Python-针对目标的Web抓取,python,selenium,selenium-webdriver,web-scraping,Python,Selenium,Selenium Webdriver,Web Scraping,我正试图从这个目标市场获取芯片名称,并试图在第一页自动获取所有28个芯片。我写了这段代码。打开链接,向下滚动(获取名称和图片)并尝试获取名称 import time from selenium import webdriver from selenium.webdriver.common.action_chains import ActionChains from selenium.webdriver.common.keys import Keys from webdriver_manager.

我正试图从这个目标市场获取芯片名称,并试图在第一页自动获取所有28个芯片。我写了这段代码。
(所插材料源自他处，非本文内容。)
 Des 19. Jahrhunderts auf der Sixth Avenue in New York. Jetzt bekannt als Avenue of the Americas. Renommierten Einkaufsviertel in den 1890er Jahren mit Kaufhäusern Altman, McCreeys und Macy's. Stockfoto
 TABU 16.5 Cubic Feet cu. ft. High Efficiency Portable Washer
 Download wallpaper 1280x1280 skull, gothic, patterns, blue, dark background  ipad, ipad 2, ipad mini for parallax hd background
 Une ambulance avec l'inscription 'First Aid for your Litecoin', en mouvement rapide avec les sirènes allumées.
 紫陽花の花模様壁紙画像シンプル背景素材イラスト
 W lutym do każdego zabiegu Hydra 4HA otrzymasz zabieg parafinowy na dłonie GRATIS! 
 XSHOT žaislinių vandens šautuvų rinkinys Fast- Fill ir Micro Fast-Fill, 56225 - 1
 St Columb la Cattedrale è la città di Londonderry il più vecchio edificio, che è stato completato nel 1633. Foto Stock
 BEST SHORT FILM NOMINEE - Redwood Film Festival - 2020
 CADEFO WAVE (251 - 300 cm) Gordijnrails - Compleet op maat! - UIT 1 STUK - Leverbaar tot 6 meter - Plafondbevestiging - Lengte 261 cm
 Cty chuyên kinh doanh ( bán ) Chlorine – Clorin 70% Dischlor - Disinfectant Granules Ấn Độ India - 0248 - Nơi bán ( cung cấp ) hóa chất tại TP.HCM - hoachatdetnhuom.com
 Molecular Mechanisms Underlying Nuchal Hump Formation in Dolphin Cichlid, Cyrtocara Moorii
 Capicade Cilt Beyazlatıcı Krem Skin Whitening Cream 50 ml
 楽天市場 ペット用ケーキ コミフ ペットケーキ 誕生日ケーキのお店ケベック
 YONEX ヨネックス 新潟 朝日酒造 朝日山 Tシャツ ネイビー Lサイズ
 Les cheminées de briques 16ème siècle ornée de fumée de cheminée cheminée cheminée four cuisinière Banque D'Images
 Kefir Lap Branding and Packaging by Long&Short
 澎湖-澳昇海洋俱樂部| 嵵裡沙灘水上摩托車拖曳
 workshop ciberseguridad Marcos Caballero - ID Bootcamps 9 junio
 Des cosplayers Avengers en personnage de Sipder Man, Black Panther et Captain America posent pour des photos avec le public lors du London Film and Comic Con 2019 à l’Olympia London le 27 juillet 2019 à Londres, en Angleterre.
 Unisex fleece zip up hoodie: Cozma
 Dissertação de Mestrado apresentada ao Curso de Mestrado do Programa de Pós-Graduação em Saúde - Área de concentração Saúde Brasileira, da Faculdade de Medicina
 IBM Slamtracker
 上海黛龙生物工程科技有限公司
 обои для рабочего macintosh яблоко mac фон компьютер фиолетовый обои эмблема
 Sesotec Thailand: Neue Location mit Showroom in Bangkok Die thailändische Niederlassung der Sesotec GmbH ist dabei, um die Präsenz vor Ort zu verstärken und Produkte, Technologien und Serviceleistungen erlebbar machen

打开链接,向下滚动(获取名称和图片)并尝试获取名称

import time
from selenium import webdriver
from selenium.webdriver.common.action_chains import ActionChains
from selenium.webdriver.common.keys import Keys
from webdriver_manager.chrome import ChromeDriverManager as CM

options = webdriver.ChromeOptions()
options.add_argument("--log-level=3")

mobile_emulation = {
    "userAgent": 'Mozilla/5.0 (Linux; Android 4.0.3; HTC One X Build/IML74K) AppleWebKit/535.19 (KHTML, like Gecko) Chrome/83.0.1025.133 Mobile Safari/535.19'
}
options.add_experimental_option("mobileEmulation", mobile_emulation)

bot = webdriver.Chrome(executable_path=CM().install(), options=options)

bot.get('https://www.target.com/c/chips-snacks-grocery/-/N-5xsy7')
bot.set_window_size(500, 950)
time.sleep(5)

for i in range(0,3):
    ActionChains(bot).send_keys(Keys.END).perform()
    time.sleep(1)

product_names = bot.find_elements_by_class_name('Link-sc-1khjl8b-0 styles__StyledTitleLink-mkgs8k-5 kdCHb inccCG h-display-block h-text-bold h-text-bs flex-grow-one')

hrefList = []
for e in product_names:
    hrefList.append(e.get_attribute('href'))

for href in hrefList:
    print(href)
当我从浏览器中检查名称时,所有芯片的公共部分都有
Link-sc-1khjl8b-0样式uu StyledTitleLink-mkgs8k-5 kdCHb inccCG h-display-block h-text-bold h-text-bs flex grow one
类名。如您所见,我添加了
find_elements\u by_class\u name('Link-sc-1khjl8b-0 styles\uuu styledtitleink-mkgs8k-5 kdCHb inccCG h-display-block h-text-bold h-text-bs flex grow one')
行。但它给出的结果为空。怎么了?你能帮助我吗?解决方案可以是
selenium
bs4
无所谓。

试试看

product_names = bot.find_elements_by_css_selector('Link-sc-1khjl8b-0.styles__StyledTitleLink-mkgs8k-5.kdCHb.inccCG.h-display-block.h-text-bold.h-text-bs.flex-grow-one')
使用
find\u elements\u by\u class\u name()
时,未正确处理类名中的空格


除了选择器不适用于我之外,我需要使用
”.Link-sc-1khjl8b-0.ItemLink-sc-1eyz3ng-0.kdCHb.dtKueh'

只要输入正确的键,就可以从api获取所有数据

import requests


url = 'https://redsky.target.com/redsky_aggregations/v1/web/plp_search_v1'
payload = {
'key': 'ff457966e64d5e877fdbad070f276d18ecec4a01',
'category': '5xsy7',
'channel': 'WEB',
'count': '28',
'default_purchasability_filter': 'true',
'include_sponsored': 'true',
'offset': '0',
'page': '/c/5xsy7',
'platform': 'desktop',
'pricing_store_id': '1771',
'scheduled_delivery_store_id': '1771',
'store_ids': '1771,1768,1113,3374,1792',
'useragent': 'Mozilla/5.0 (Windows NT 10.0; Win64; x64) AppleWebKit/537.36 (KHTML, like Gecko) Chrome/90.0.4430.212 Safari/537.36',
'visitor_id': '0179C80AE1090201B5D5C1D895ADEA6C'}

jsonData = requests.get(url, params=payload).json()    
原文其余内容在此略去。